Now he saw them all around him: German armies, as thick as grass and as black as thunder. Black and tightly packed, more than ever girded up for the inferno, waiting for Zero Hour.

“Operation Barbarossa, Papa, June 22nd, they’re going to invade Russia, Carl saw the order,” Emma had hissed at him, her face tight with shock and distress. “They’re going to invade Russia, Carl says it’s definite!”

Carl Regendorf, his son-in-law, was employed at the Foreign Ministry in Berlin, the only place where some elements of resistance against Hitler and Ribbentrop lingered.

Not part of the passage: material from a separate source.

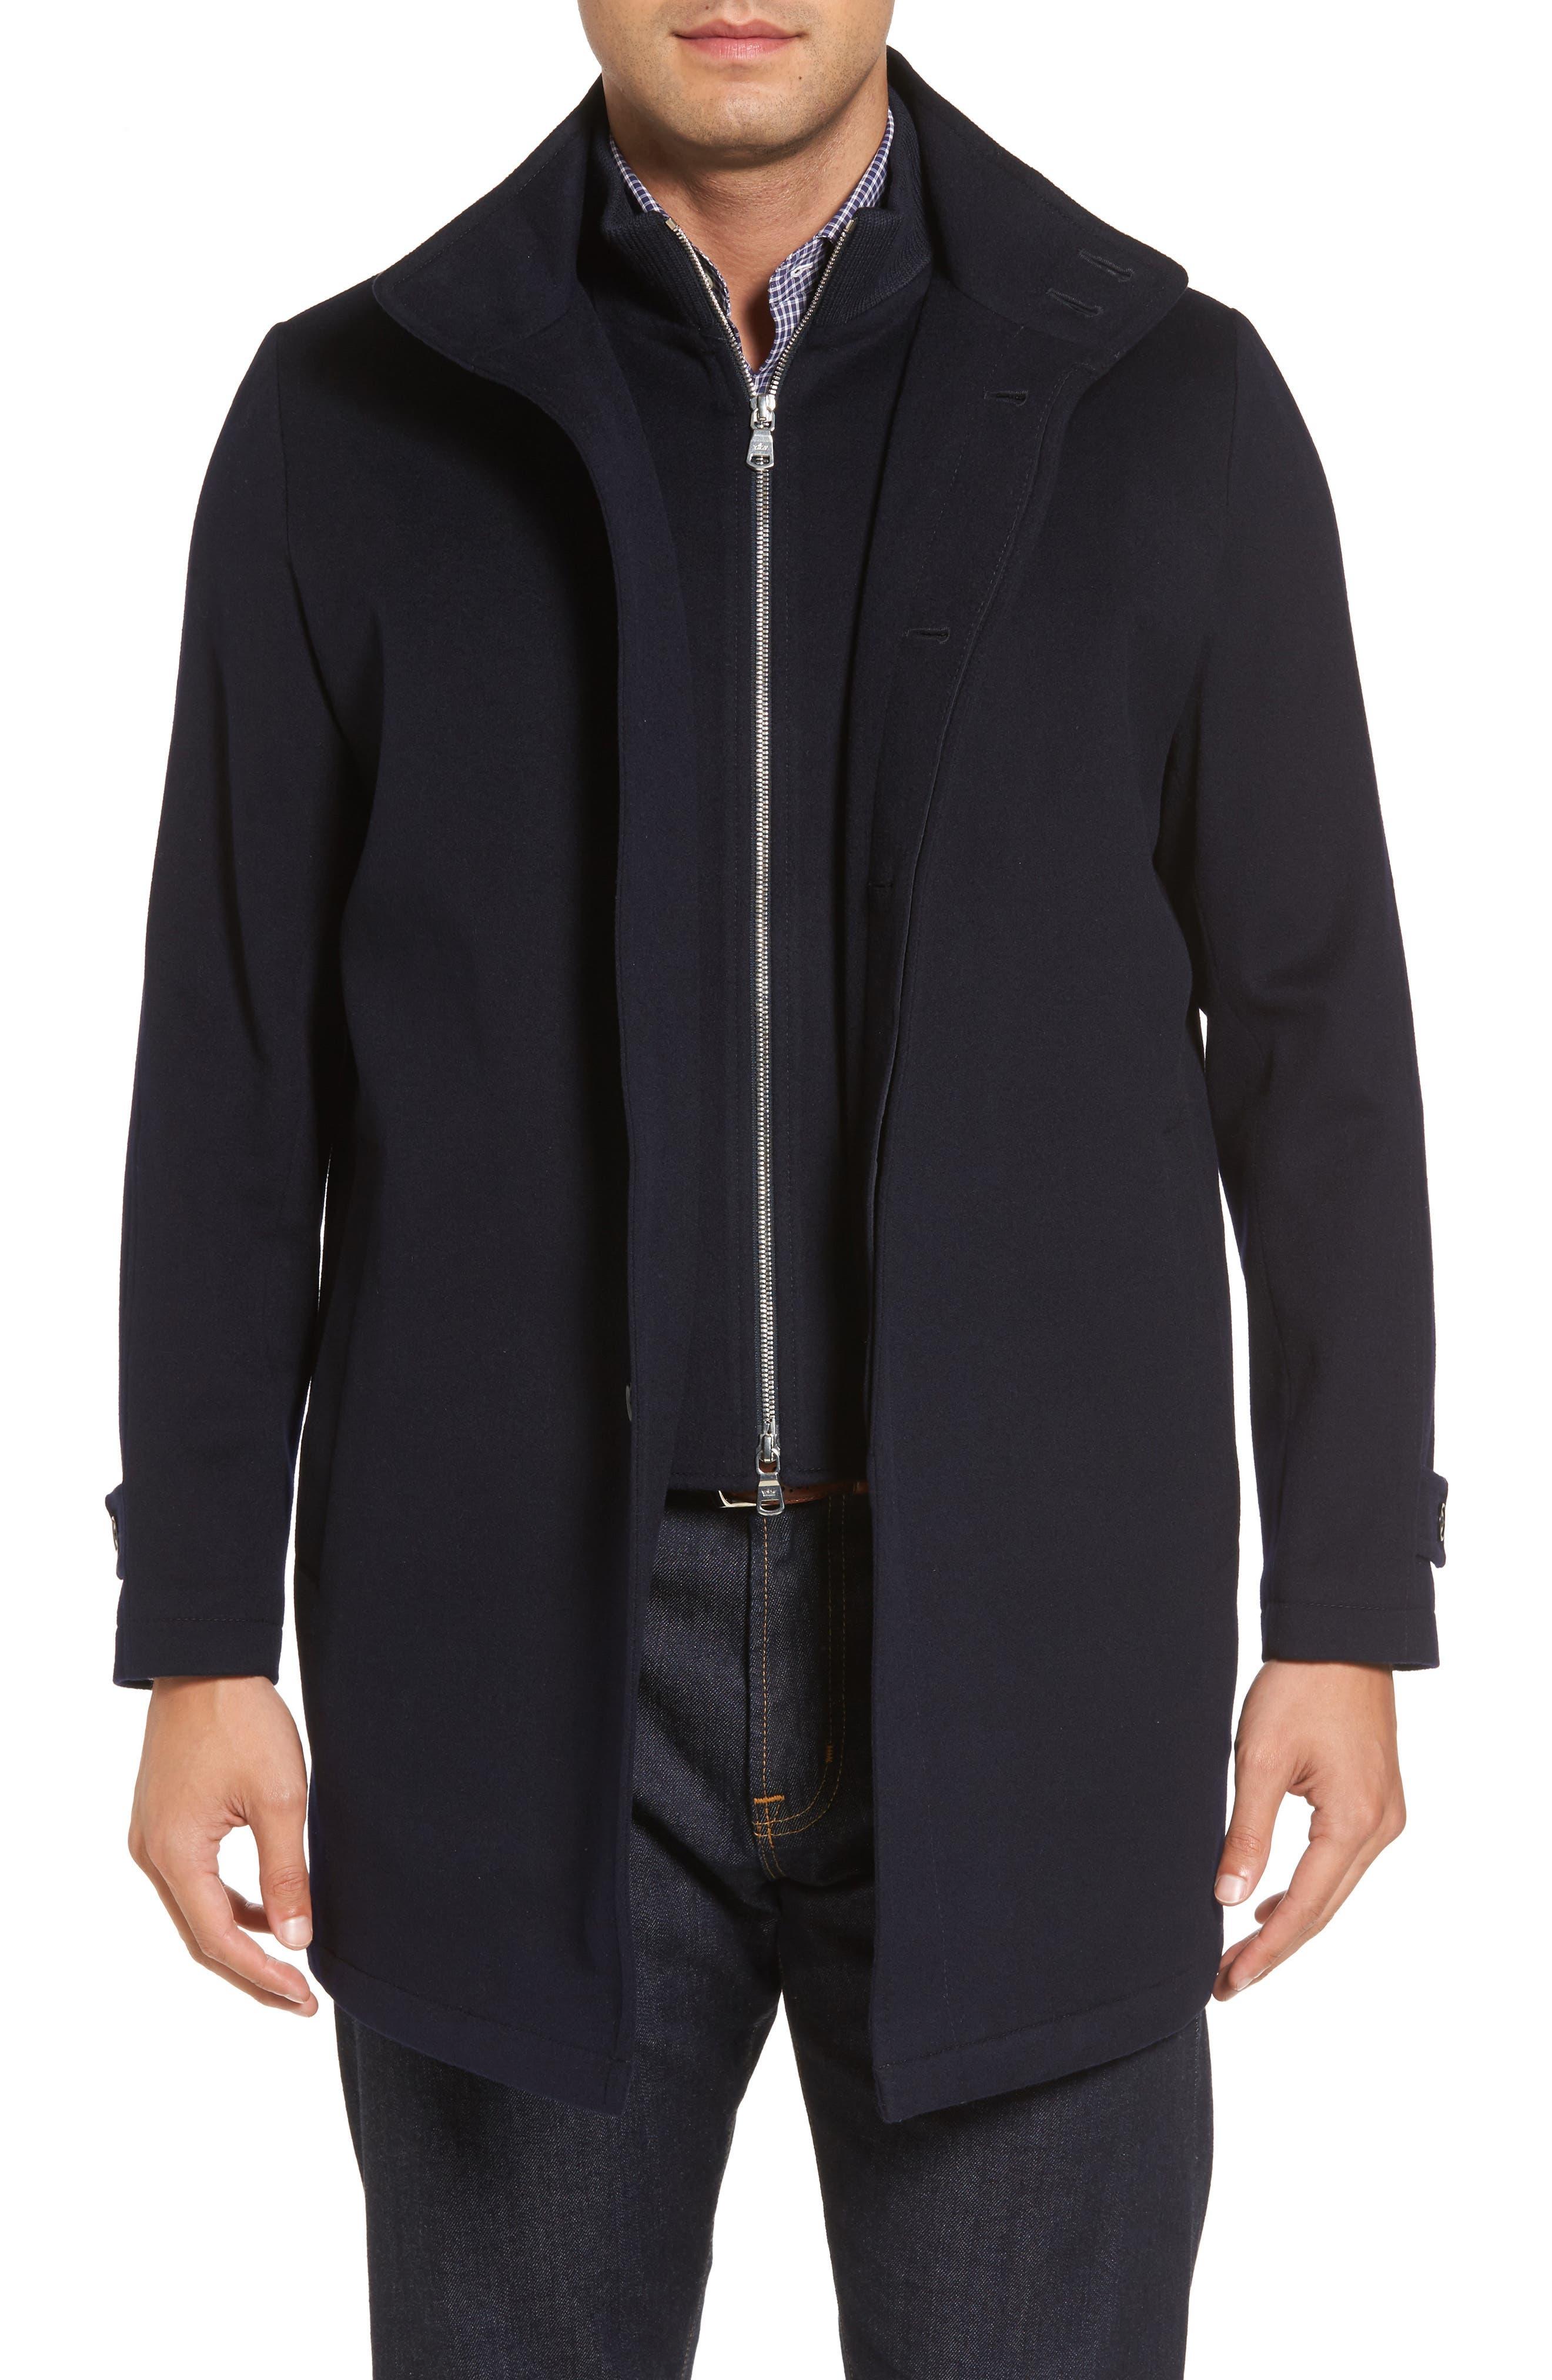 Peter Millar Horizon Wool Overcoat,                         Main,                         color, Black

Oscar had been with the Dutch legation in Berlin for a spell during the Thirties. Kate and he lived in Fasanenstrasse. The happiest years of their marriage, in the midst of a rising tide of violence and betrayal. Emma had met Carl at a dinner party at their house. Oscar had seen it all unfold that evening.
Kate had been very concerned, but Emma and Carl were living life to the full, in perfect harmony. In the tumult of Berlin.

*

 

It was five days since Emma and Carl unexpectedly found themselves in Geneva: a tour of duty with Carl’s boss, Adam Trott. A special mission, during which Emma was permitted to accompany her husband as his secretary, a ploy they had used successfully before. Emma had telephoned her father from the hotel, and Oscar had taken the first train from Berne to meet them. They had been discreet, he thought, but was that true? Switzerland was rife with German spies, more so than any other country. It was in the restaurant, when Carl absented himself from the table for a moment, that she told him. Barbarossa. So that’s what they called it, the barbarians.

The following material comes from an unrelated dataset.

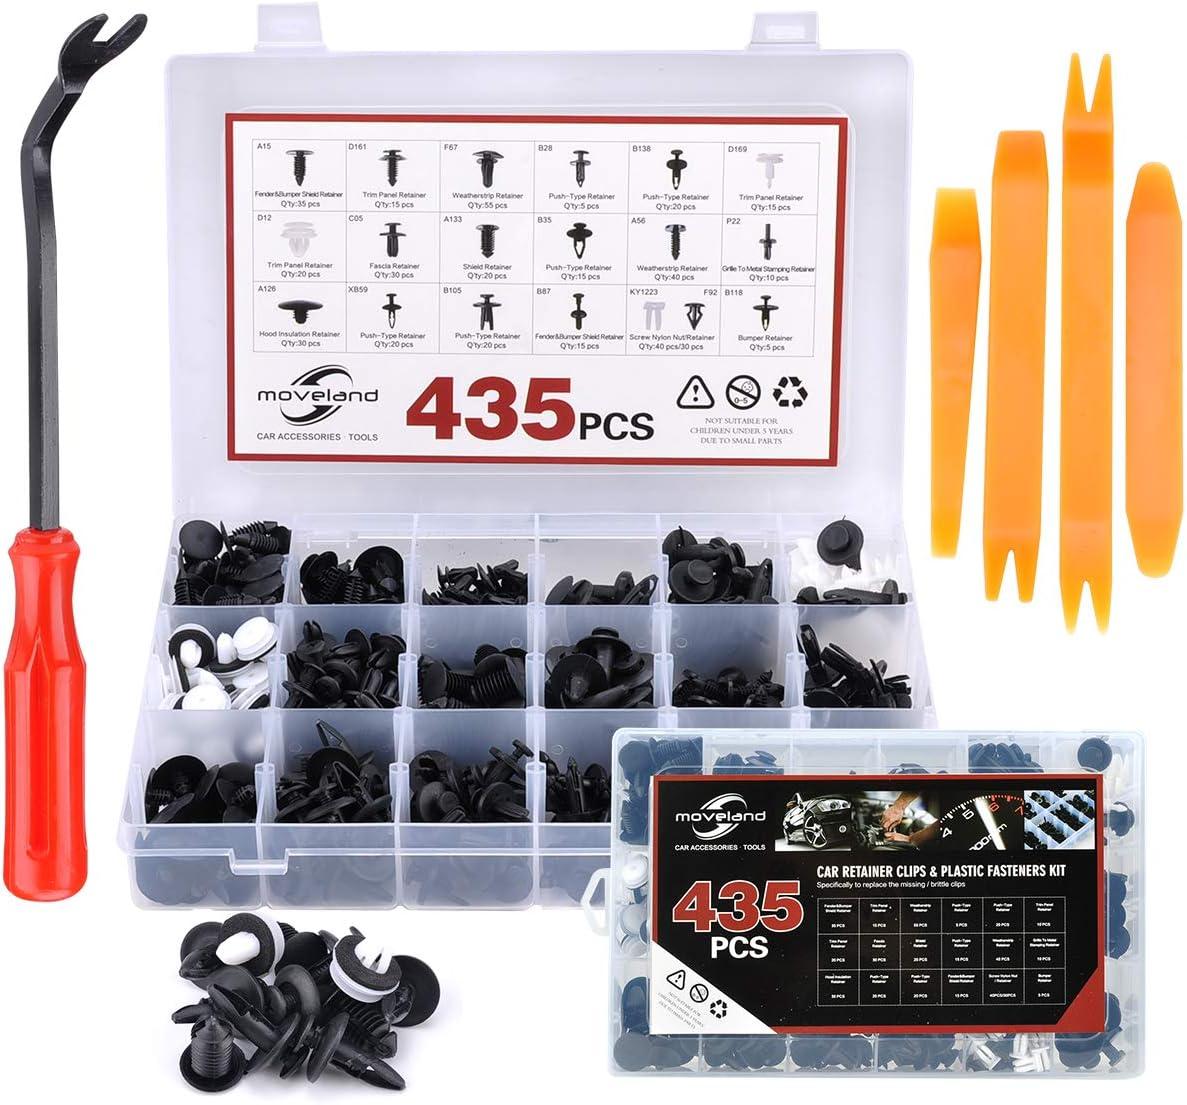 435PCS Bumper Car Retainer Clips & Plastic Fasteners Kit, Auto Push Pin Rivets Set for GM Ford Toyota Honda Chrysler Nissan

They had fallen silent when Carl reappeared, after which Emma made some remark about her mother. But her words kept pounding in his brain.

The train back to Berne took him past Nyon, Rolle, Morges, Lausanne. He noted the names of the stations, each one a small paradise, and was struck by the baffling ordinariness of everyday life as seen from his carriage window. Riding on a Swiss train often reminded him of being ill in bed as a child,
listening to the reassuring street noises – the rag-and-bone man’s cry, the refuse collector ringing his bell – and feeling soothed and snug. Not today, though. On this train, passing through innocent stations along the lake, with hayfields creeping up the mountainsides and sailing boats on the mirror of water, Emma’s whispered message weighed like a stone on his heart. The content defied the imagination, while the fact that he knew became ever more terrifying. The long-expected attack on Russia was finally to be launched. And he knew the date and the hour.